**WORK REQUEST**
Word for word, reproduce the listing that follows, excluding any pictures it contains.

**DATA SEGMENT**
= Beginning of Section =

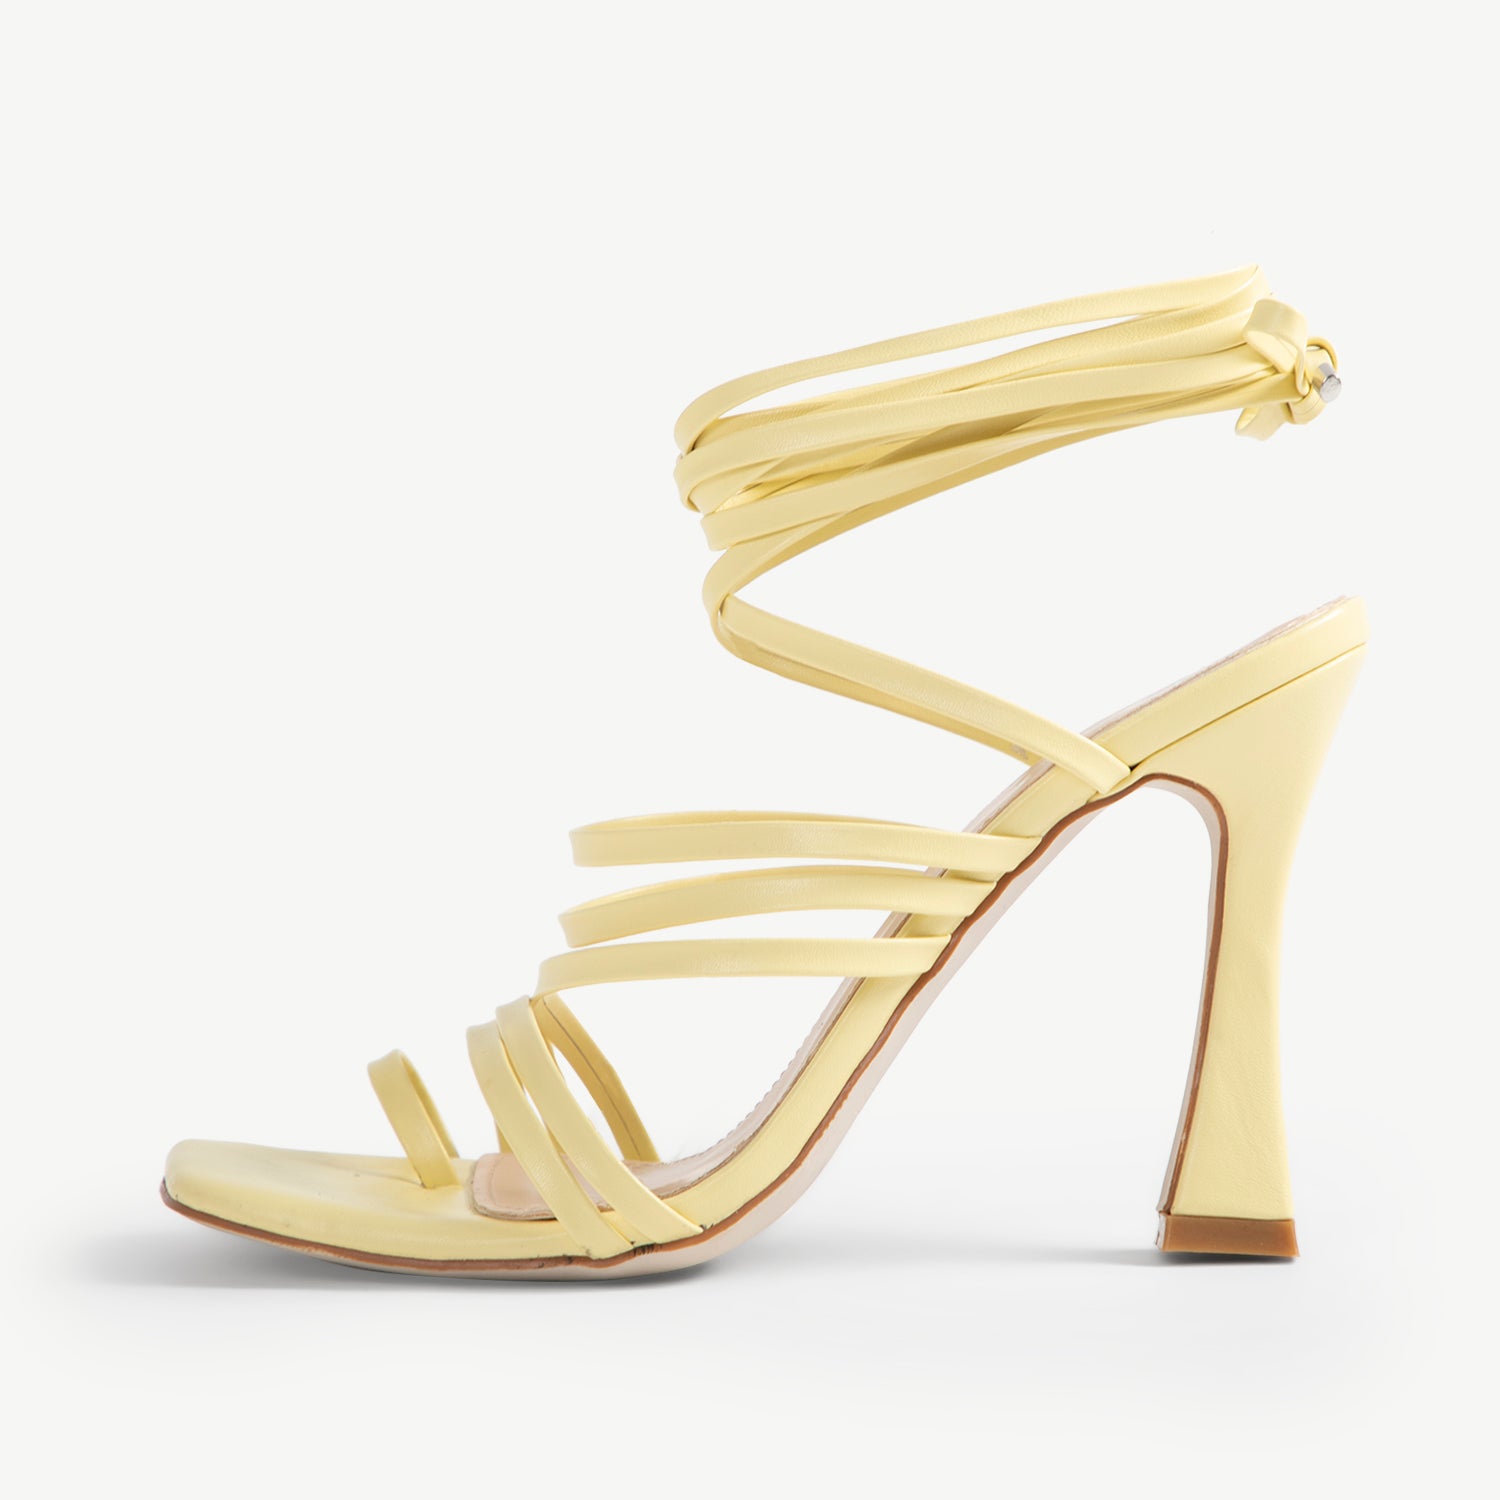 RAID Credence Lace Up Heel in Butter Yellow
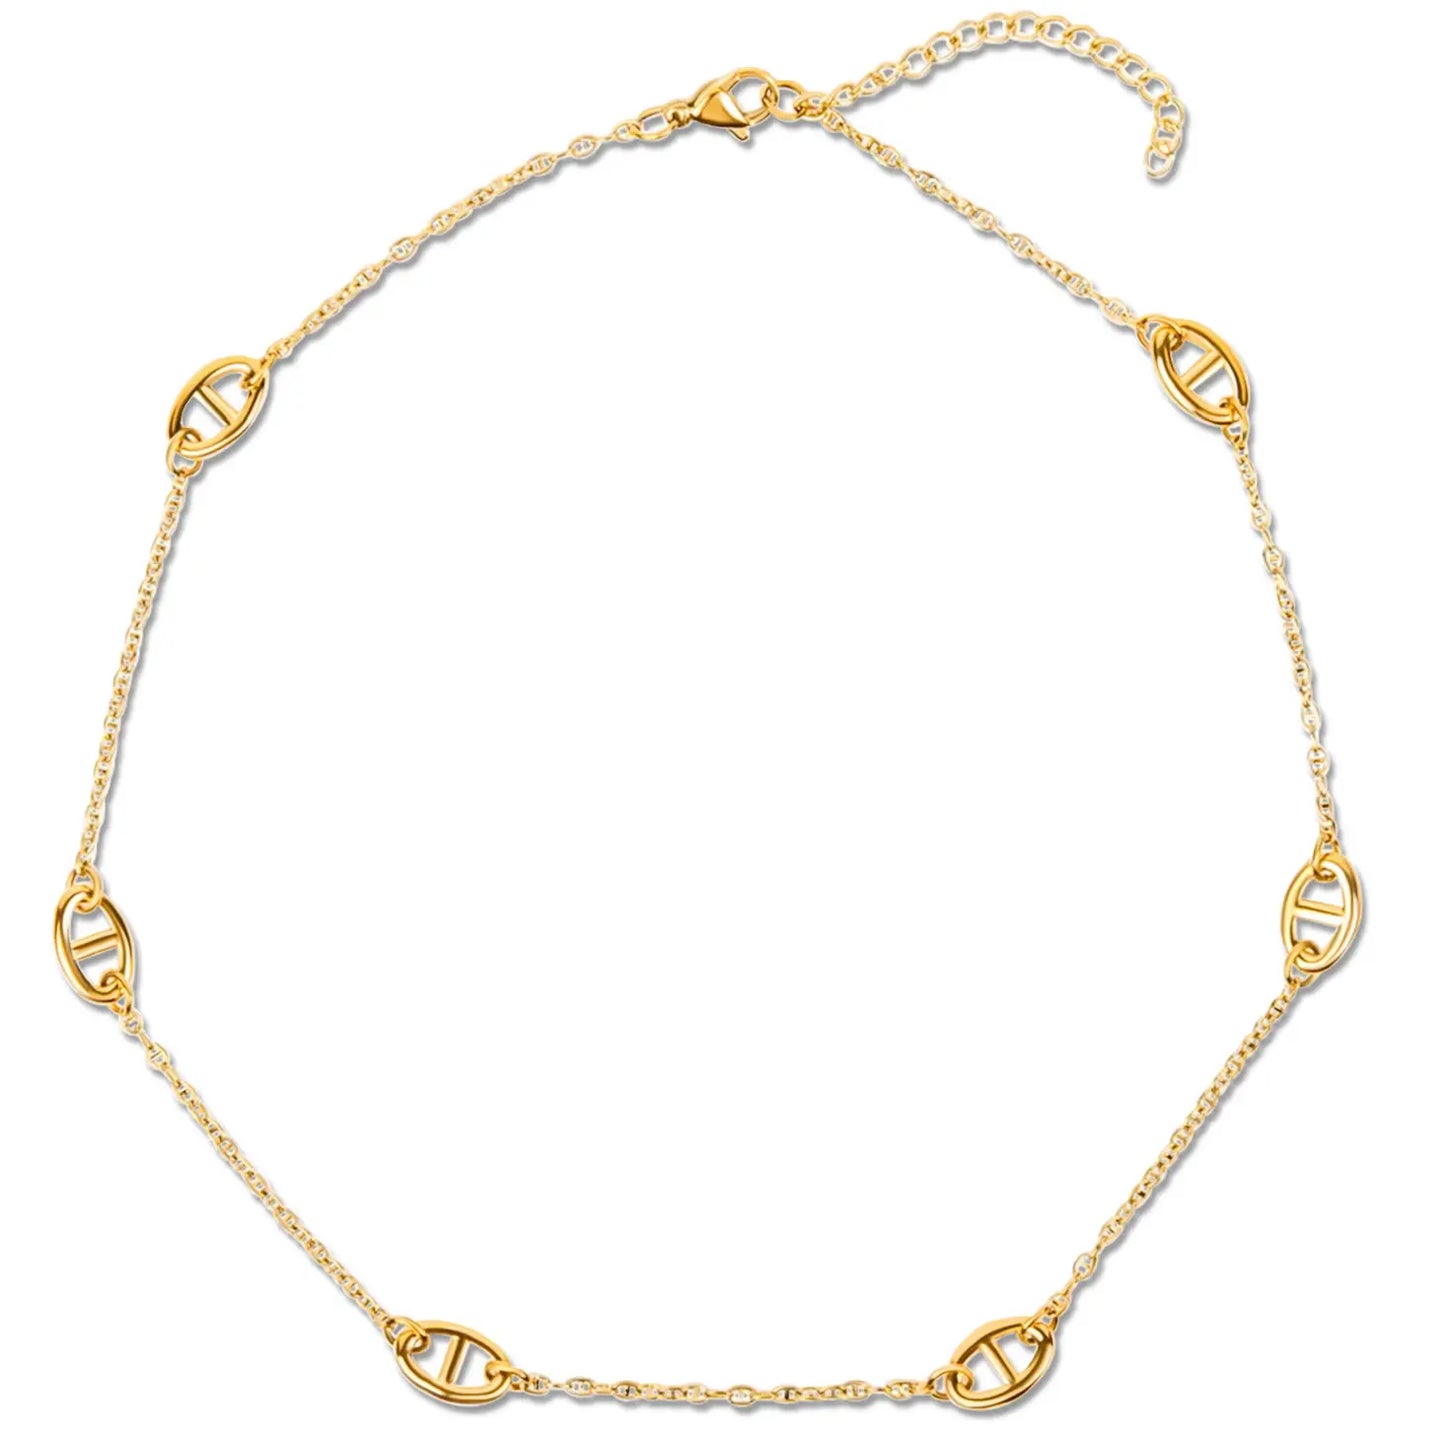 Ellie Vail- Mabel Anchor Chain Necklace
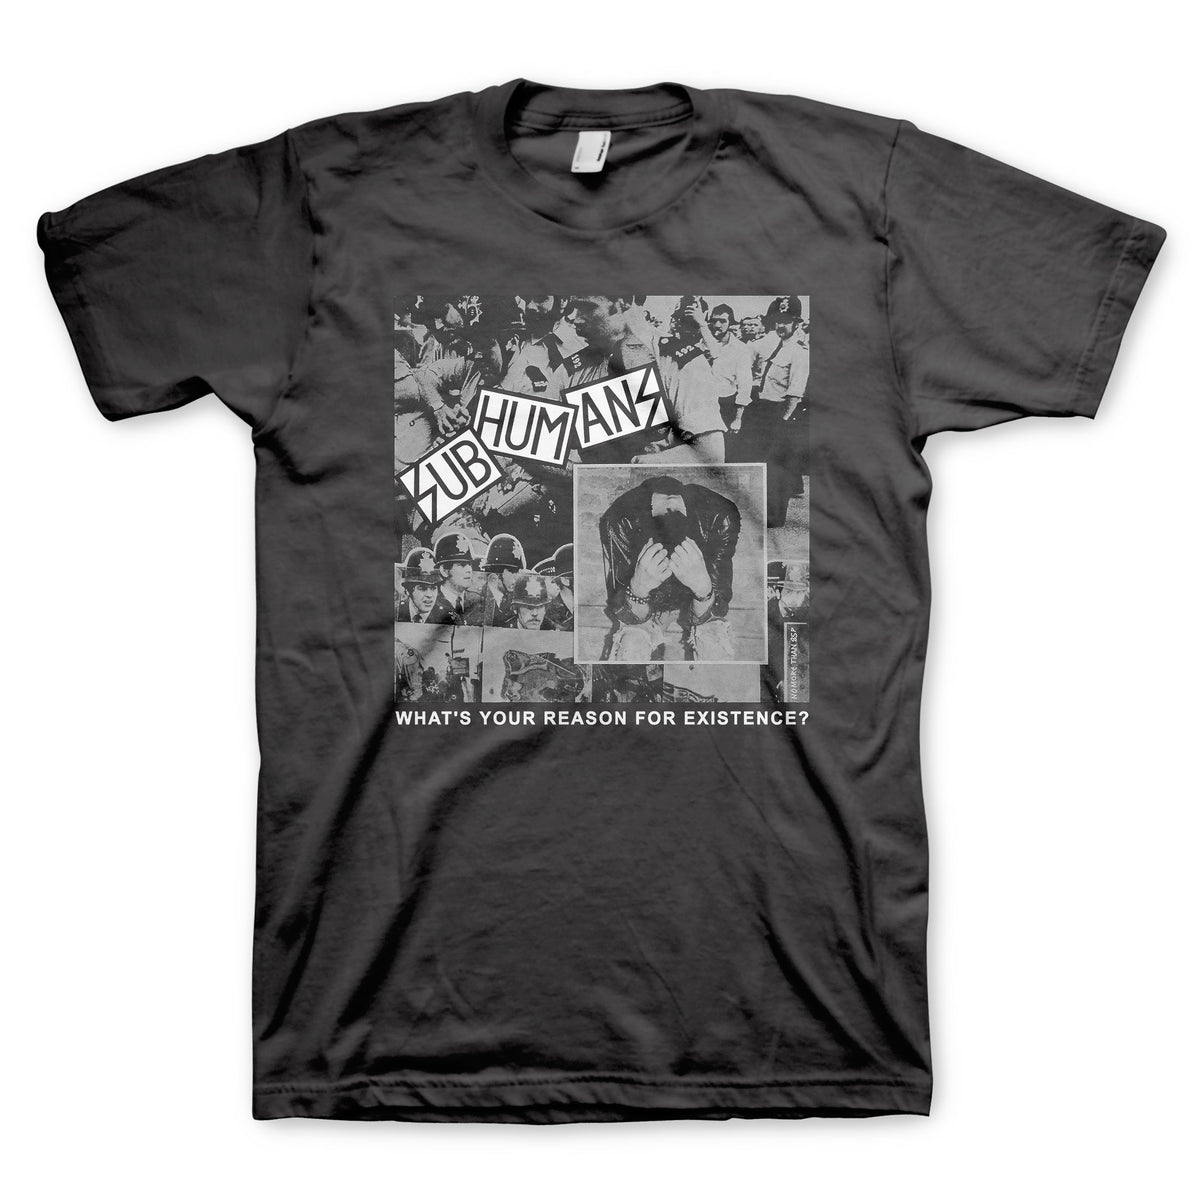 Subhumans Reason for Existance T-Shirt - Flyclothing LLC

= End of Section =

**RESPONSE BELOW**
 RAID Credence Lace Up Heel in Butter Yellow
 Ellie Vail- Mabel Anchor Chain Necklace
 Subhumans Reason for Existance T-Shirt - Flyclothing LLC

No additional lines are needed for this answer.